Within the records that follow, find every line containing the string "variable". Copy those lines.

◆ RECORDS FOR THE EXERCISE ◆
——
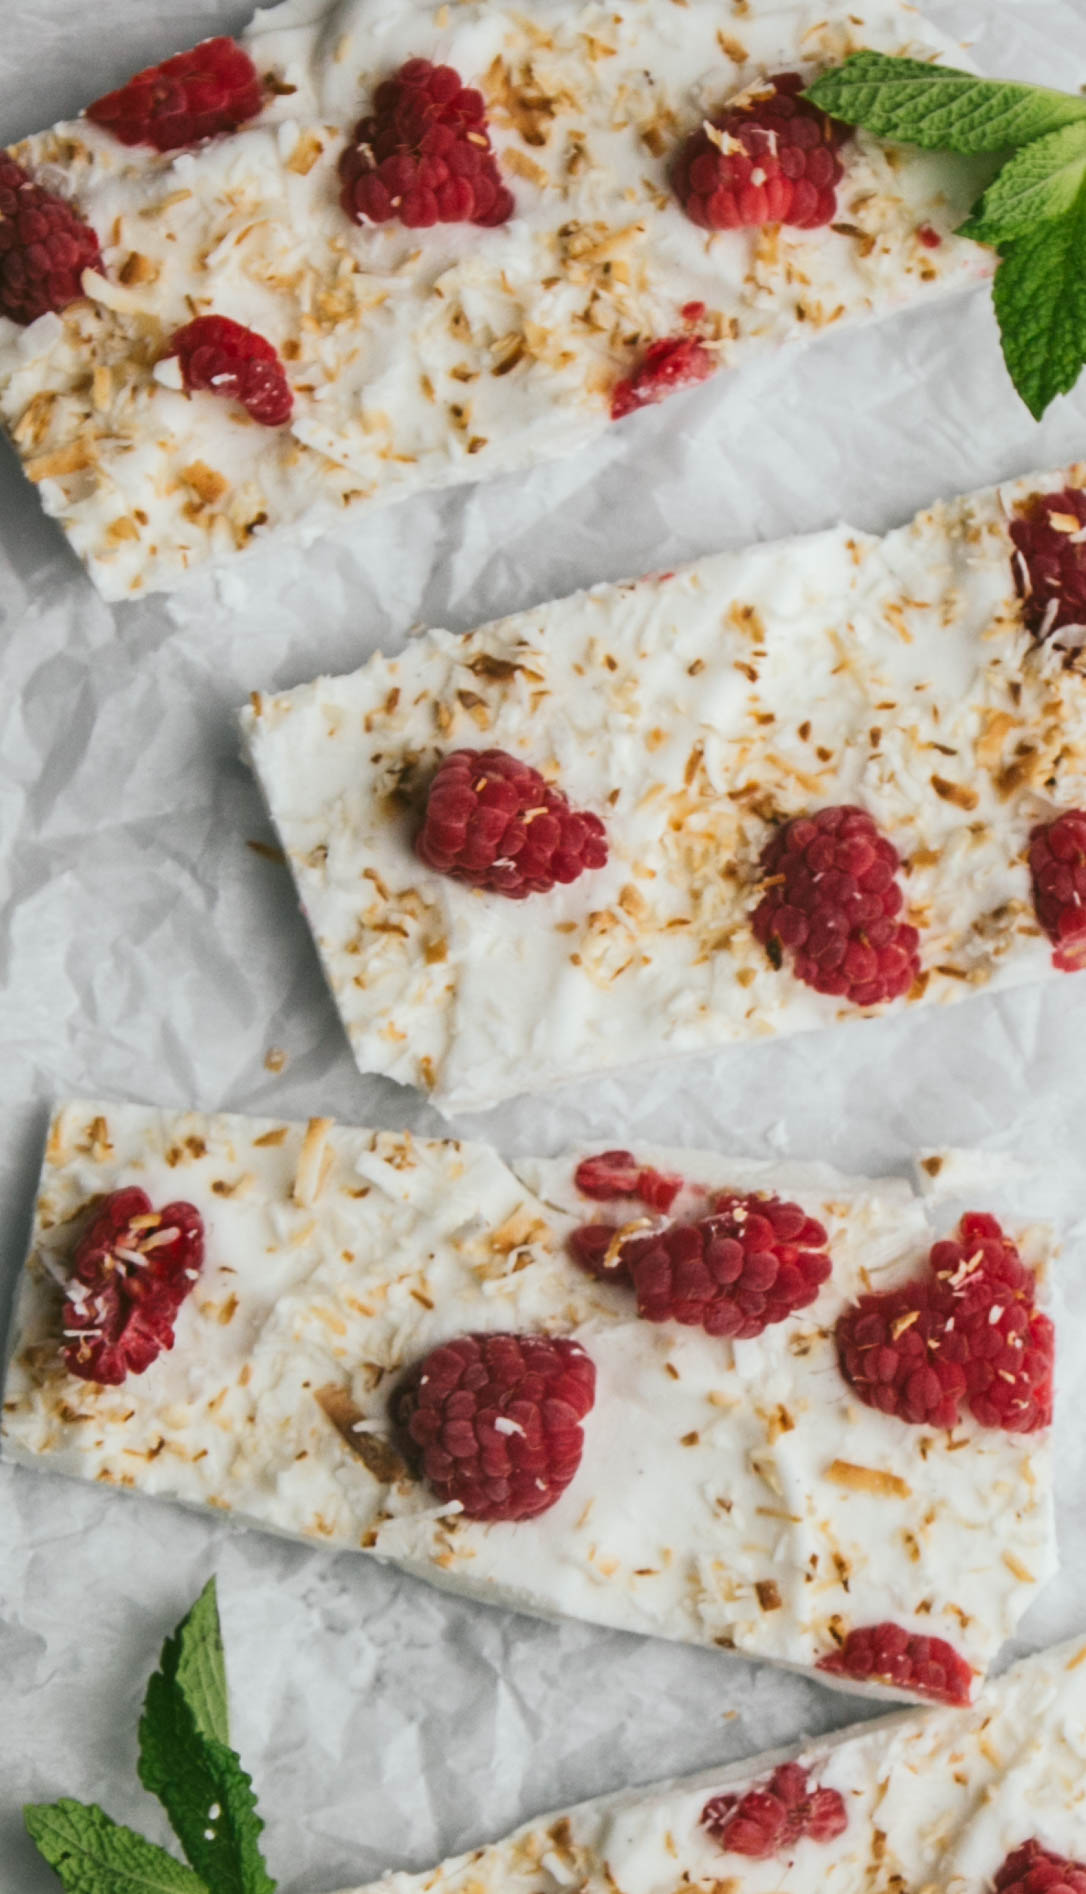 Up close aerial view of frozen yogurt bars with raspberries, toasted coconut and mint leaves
——
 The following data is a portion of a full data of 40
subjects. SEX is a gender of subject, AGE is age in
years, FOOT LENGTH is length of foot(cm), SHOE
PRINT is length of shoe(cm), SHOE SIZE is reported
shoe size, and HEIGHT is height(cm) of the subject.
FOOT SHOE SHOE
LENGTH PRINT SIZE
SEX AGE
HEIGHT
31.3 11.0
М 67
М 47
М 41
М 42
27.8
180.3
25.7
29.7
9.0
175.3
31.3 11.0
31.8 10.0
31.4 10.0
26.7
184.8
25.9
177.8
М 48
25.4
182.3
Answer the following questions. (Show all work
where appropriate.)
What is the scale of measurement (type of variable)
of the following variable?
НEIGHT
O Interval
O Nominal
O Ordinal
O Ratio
——
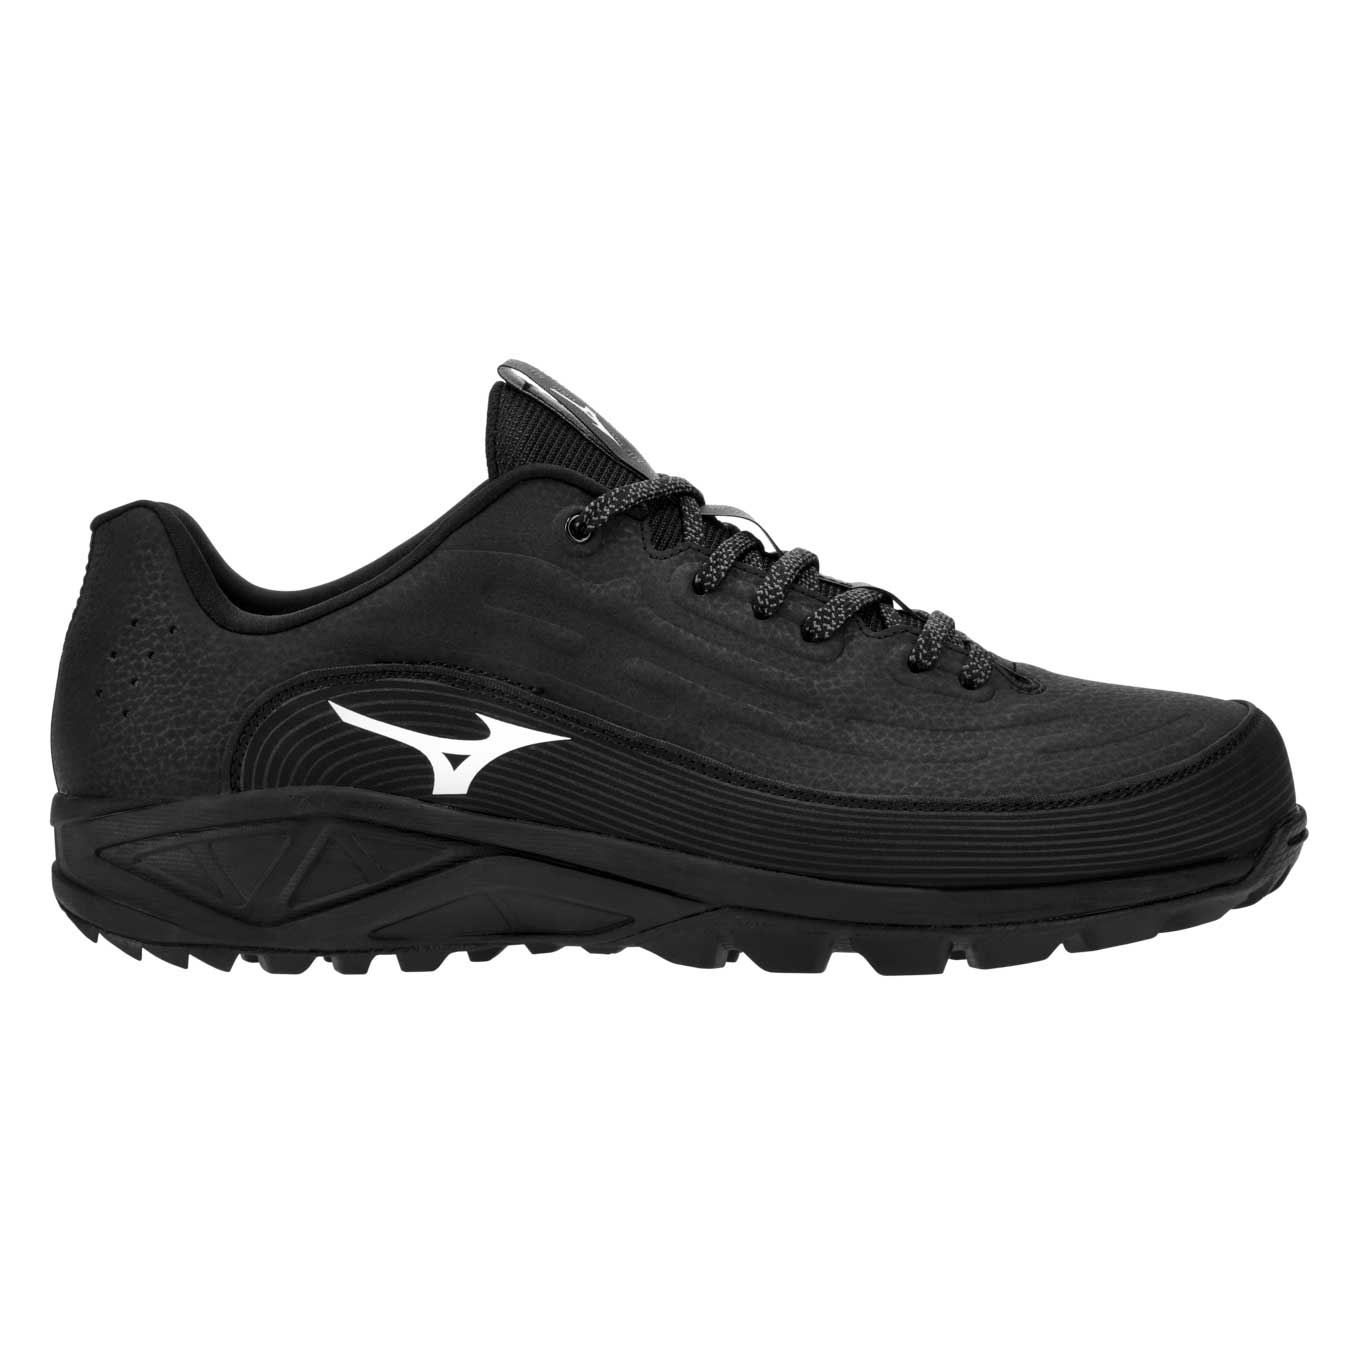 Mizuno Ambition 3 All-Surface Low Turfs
——
◆ ANSWER BELOW ◆
What is the scale of measurement (type of variable)
of the following variable?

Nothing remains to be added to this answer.